Mercedes Martinez defeated Willow Nightingale in a pretty good match to win the interim ROH Women's title... apparently, then-current ROH Women's Champ Deona Purazzo was working the Impact show on the same night and couldn't make it, so TK booked an interim championship, which is stupid because not only is the idea of an "interim" championship stupid, but it's done for the sake of having a silly title match on the show despite the fact that the champ is busy elsewhere. Someone needs to clue TK and let him know that it's okay to not have a title match on the card if the champ can't make it. Just book a number-one contender's match and you'll have a program for a future ROH show down the road.

And yes, I know UFC has interim championships. They're equally fucking stupid.

Oh, and for those wondering, Martinez defeated Purazzo on an episode of Dynamite to unify the titles... in a main event match for a Ring Of Honor Championship that the majority of the AEW audience didn't care about. I've discussed this in the appropriate Dynamite.

AAA Tag-Team Champions FTR defeated ROH Tag-Team Champions The Briscoes to win the ROH titles. GO WATCH THIS MATCH BECAUSE IT IS TEH AWESOMES. No, seriously, this match was really fucking good and I'm not going to spoil anything further beyond... go watch it. It's fun.

Minoru Suzuki defeated TV Champion Rhett Titus in a quick five minute session of violence to win his first American championship... that he would lose a couple weeks later over to Samoa Joe.

Wheeler Yuta (another AEW guy) defeated ROH Pure Champion Josh Woods (an ROH guy) in a PURE WRESTLING match to win the title... and apparently, he's all elite now.

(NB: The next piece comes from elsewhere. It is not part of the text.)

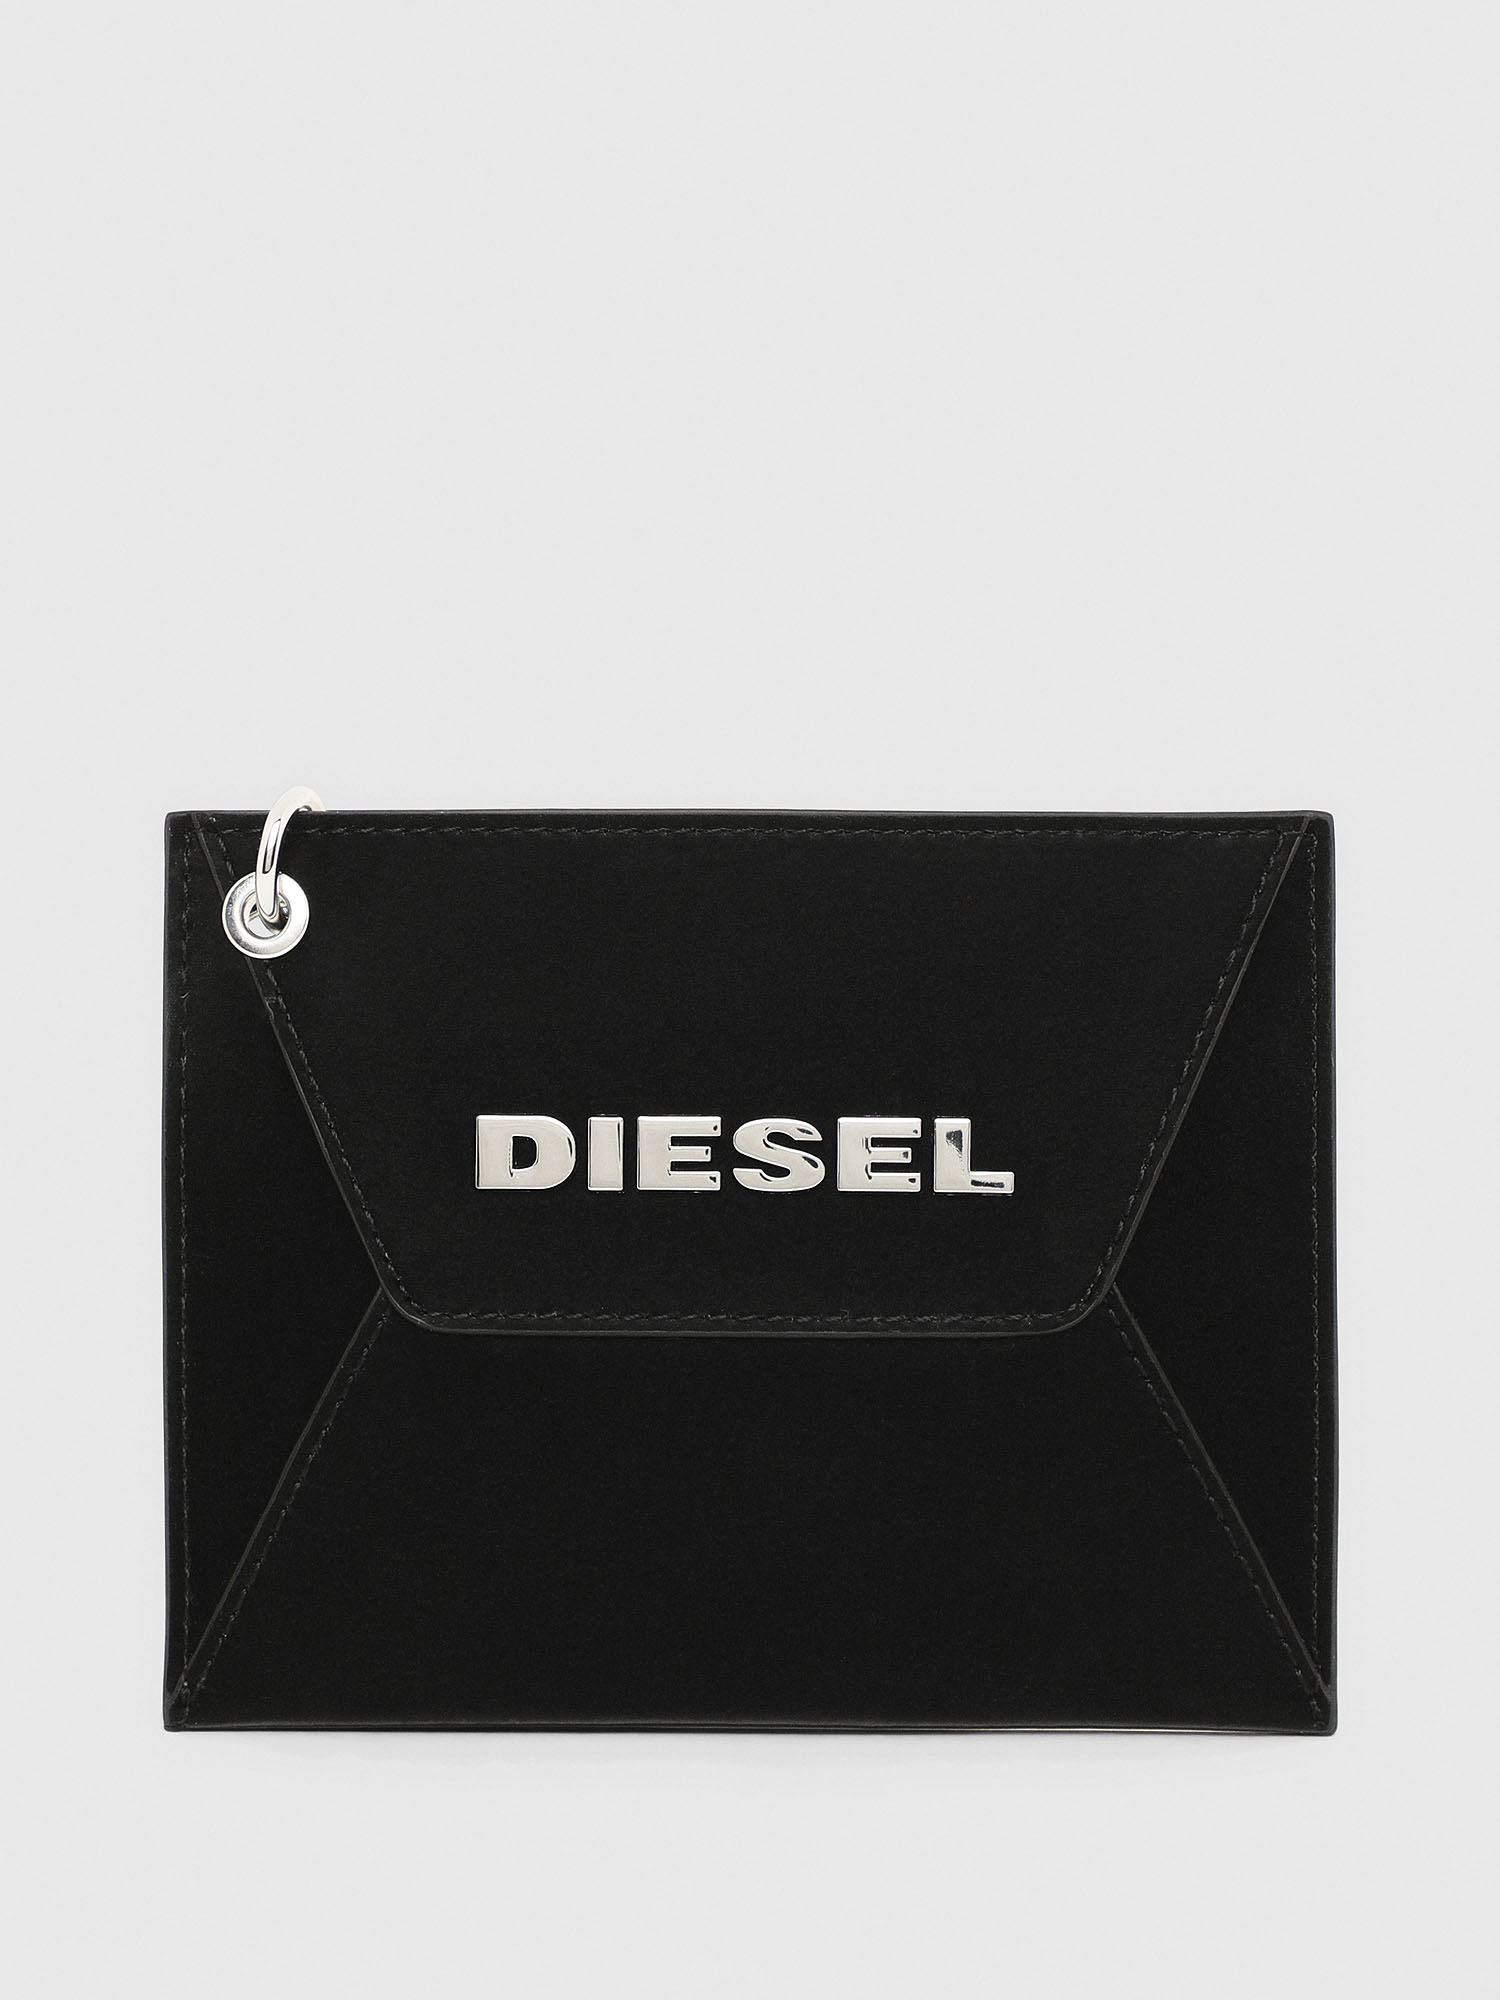 Diesel - MAYLA, Black - Image 1

Surprised they didn't sign the guy earlier.

ROH World Champion Jonathan Gresham defeated ROH World Champion Bandito to unify both belts. See, Bandito was the ROH World Champion and was supposed to defend the title at the last "proper" ROH show in December, but COVID had other plans, which resulted in Jonathan Gresham beating Jay Lethal for what they dubbed the "original" ROH World title (basically the old ROH World title belt), with the plan for both titles to be unified at some point, which is this show. See, this is a case where an "interim" championship would've made sense because the current champ was inactive, not because he was wrestling some other show on the same night.

Anyway, this match was also fantastic.

Gresham cuts a quick promo before being challenged by Jay Lethal for a future title shot. Out comes Sonjay Dutt to calm things down, but he lowblows Gresham and the beating is on until SAMOA JOE returns from exile to scare off the heels and dwarf the reigning World champion of Ring Of Honor to close the show.

Much to the surprise of no one, Supercard Of Honor was a phenomenal wrestling show with a lot of great wrestling content and such, but the more cynical side will see the very apparent AEW influence leaking into this, with a lot of AEW-contracted talent getting all the big wins over the ROH faithful. They tried to make this feel as ROH-authentic as they could; similar sets, same commentary team, same sort of presentation, but there was no masking that All Elite scent from this show. It didn't bother me because I still enjoyed the show, but it might make some fans wary about ROH going forward. Still, I'm not going to complain because this was a fun little wrestling show that went by quickly, had nothing but great shit on there, and was a good time had by all.